What’s the paper and why this FAQ?

Last Spring, some colleages (chiefly Andy Beam) and I released a preprint on adversarial attacks on medical computer visions systems. This manuscript was targeted at a technical audience. It was written with the goal of explaining why adversarial attacks researchers should consider healthcare applications among their threat models, as well as to provide some proof of concept. I ended up getting a lot of great feedback/pushback via email and twitter, which I really appreciated and which informed an update of the preprint on arxiv.

After the article was released, we were also put in touch with Jonathan Zittrain and John Bowers from Harvard Law School as well as Joi Ito of the MIT Media Lab. These are incredibly thoughtful people with a lot of amazing experience. We decided to write a follow-up article targeted more at medical and policy folks, with the intention of examining precedence for adversarial attacks in the healthcare system as it exists today and initiating a conversation about what to do about them going forward. The result is being published today in Science, here. It’s been an absolutely pleasure working with these guys.

We really tried hard to be thoughtful and measured. Given the nature of the topic, however, I’ve been fretting a bit that the paper will be misconstrued/taken out of context. At a minimum, I anticipate getting a lot of the same questions I got the first time around on the preprint, and figured it’d be easier to write up answers to these in one place. The paper is short and non-technical enough that it doesn’t really need a blog post/explainer per se, so I opted to go with a “FAQ.” Hope it’s not too obnoxious.

Do you think adversarial attacks are the biggest concern in using machine learning in healthcare? (A: Nowhere close!) Then why write the paper?

Adversarial attacks consitute just one small part of a large taxonomy of potential pitfalls of machine learning (both ML in general and medical ML in particular).

When I think about points of failure of medical machine learning, I think first about things like: dataset shift, accidentally fitting confounders or healthcare dynamics instead of true signal, discriminatory bias, overdiagnosis, or job displacement. Especially given recent challenges in getting ML to generalize to new populations, there are also uncomfortable questions to ask about when and how we can be sure we’re ready to deploy a ML algorithm in a new patient population.

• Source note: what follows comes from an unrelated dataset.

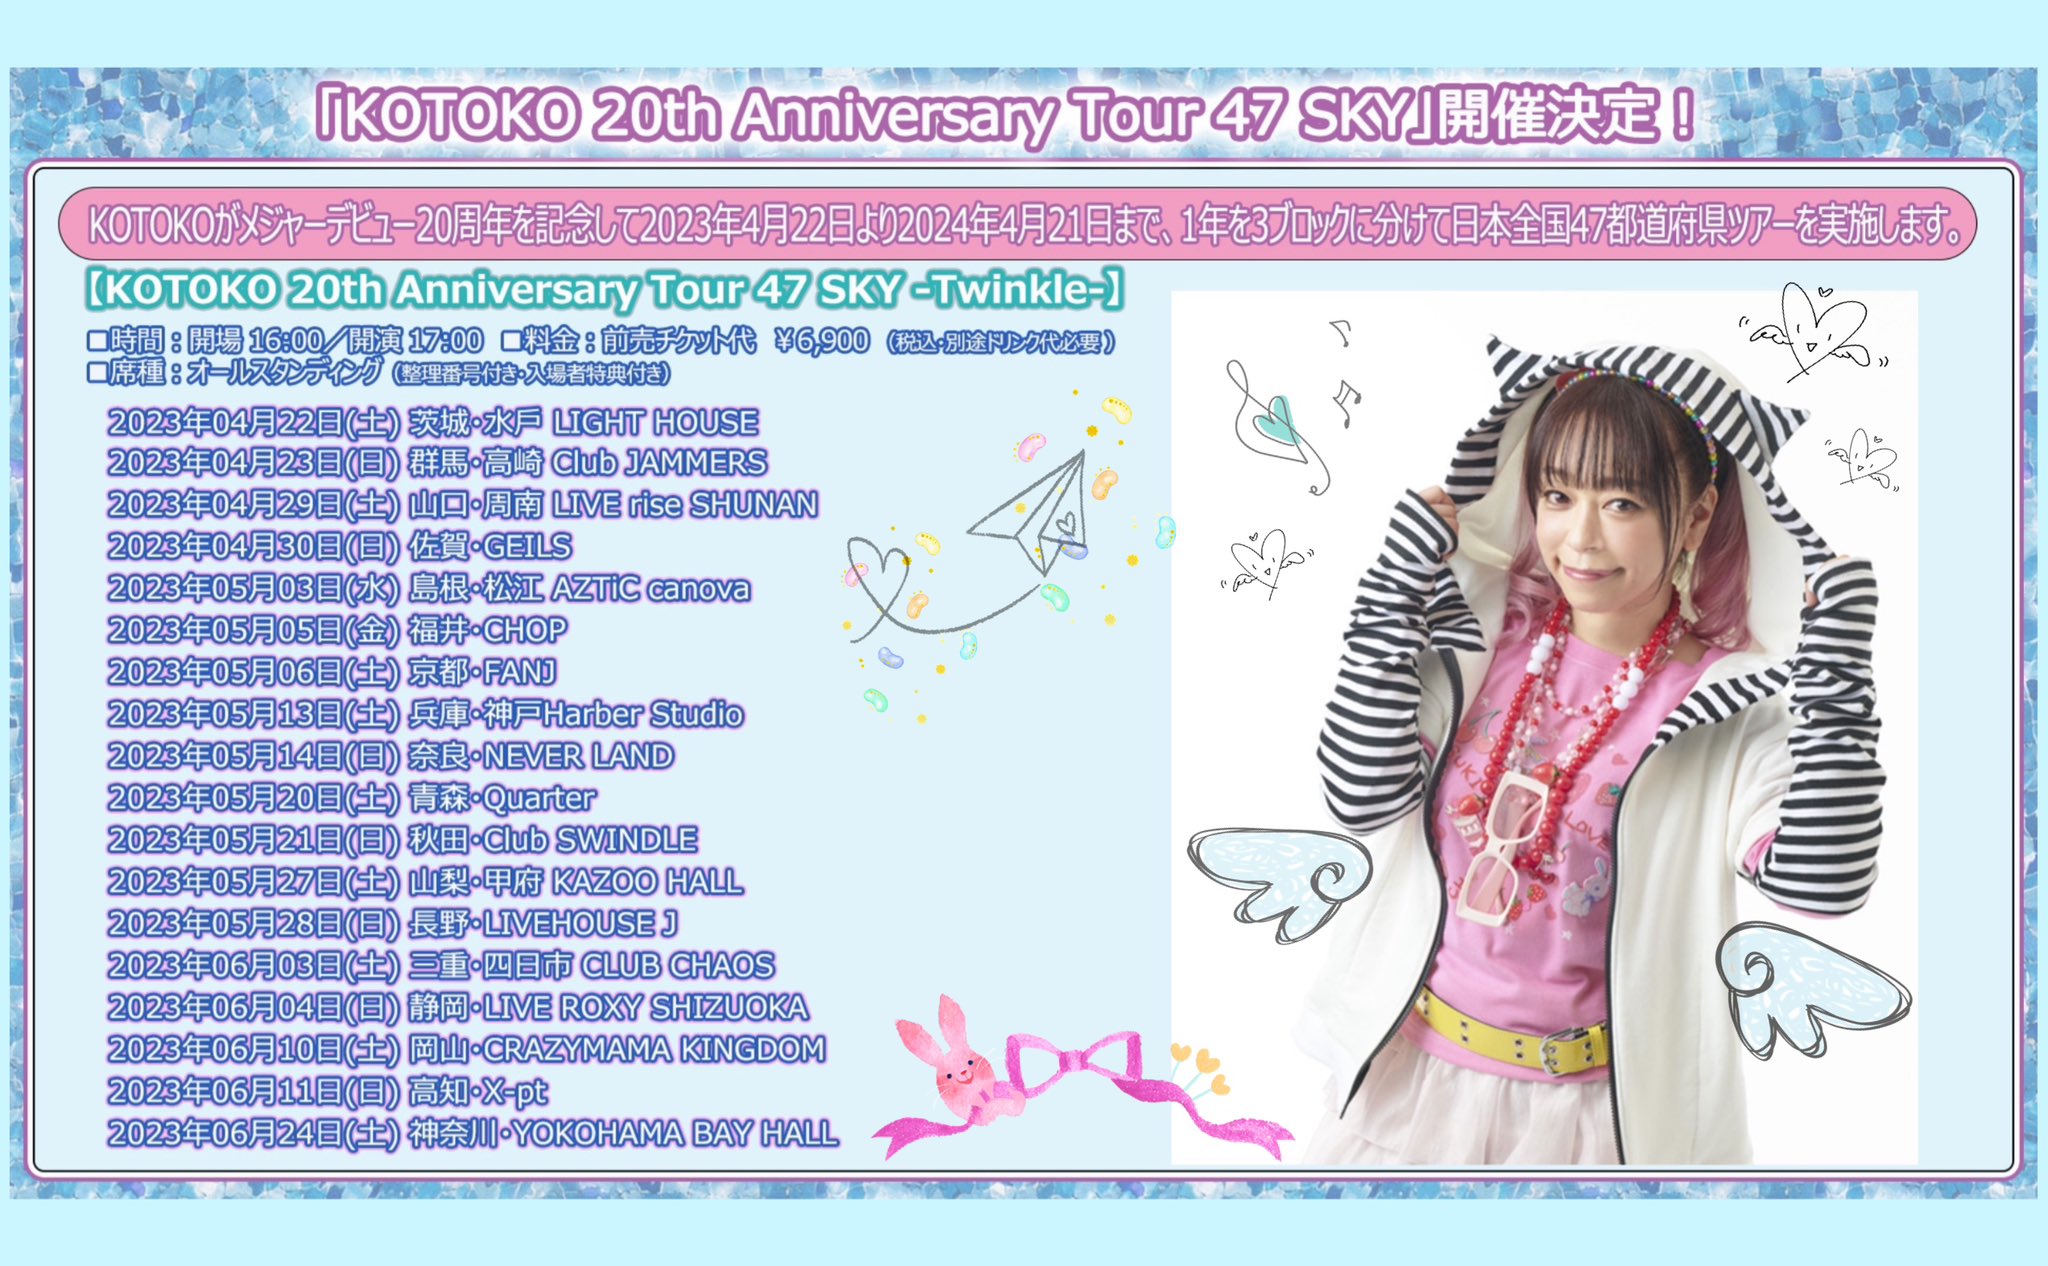 KOTOKO 20th Anniversary Tour 47 SKY -Twinkle-

While all of these issues have general policy concerns, the way I think about them most is in context of how they inform our evaluations of individual ML systems. Each of the above issues demands that specific questions be asked of the systems that we’re evaluating. Questions like: what population was this model fit on, and how does it compare to the population the system will be used in? How could the data I’m feeding this algorithm have changed in the time since the model was developed? Have we thought carefully about the workflow so these algorithms are getting applied to patients with the right priors and the healthcare providers know how to properly act upon positive tests when the time comes?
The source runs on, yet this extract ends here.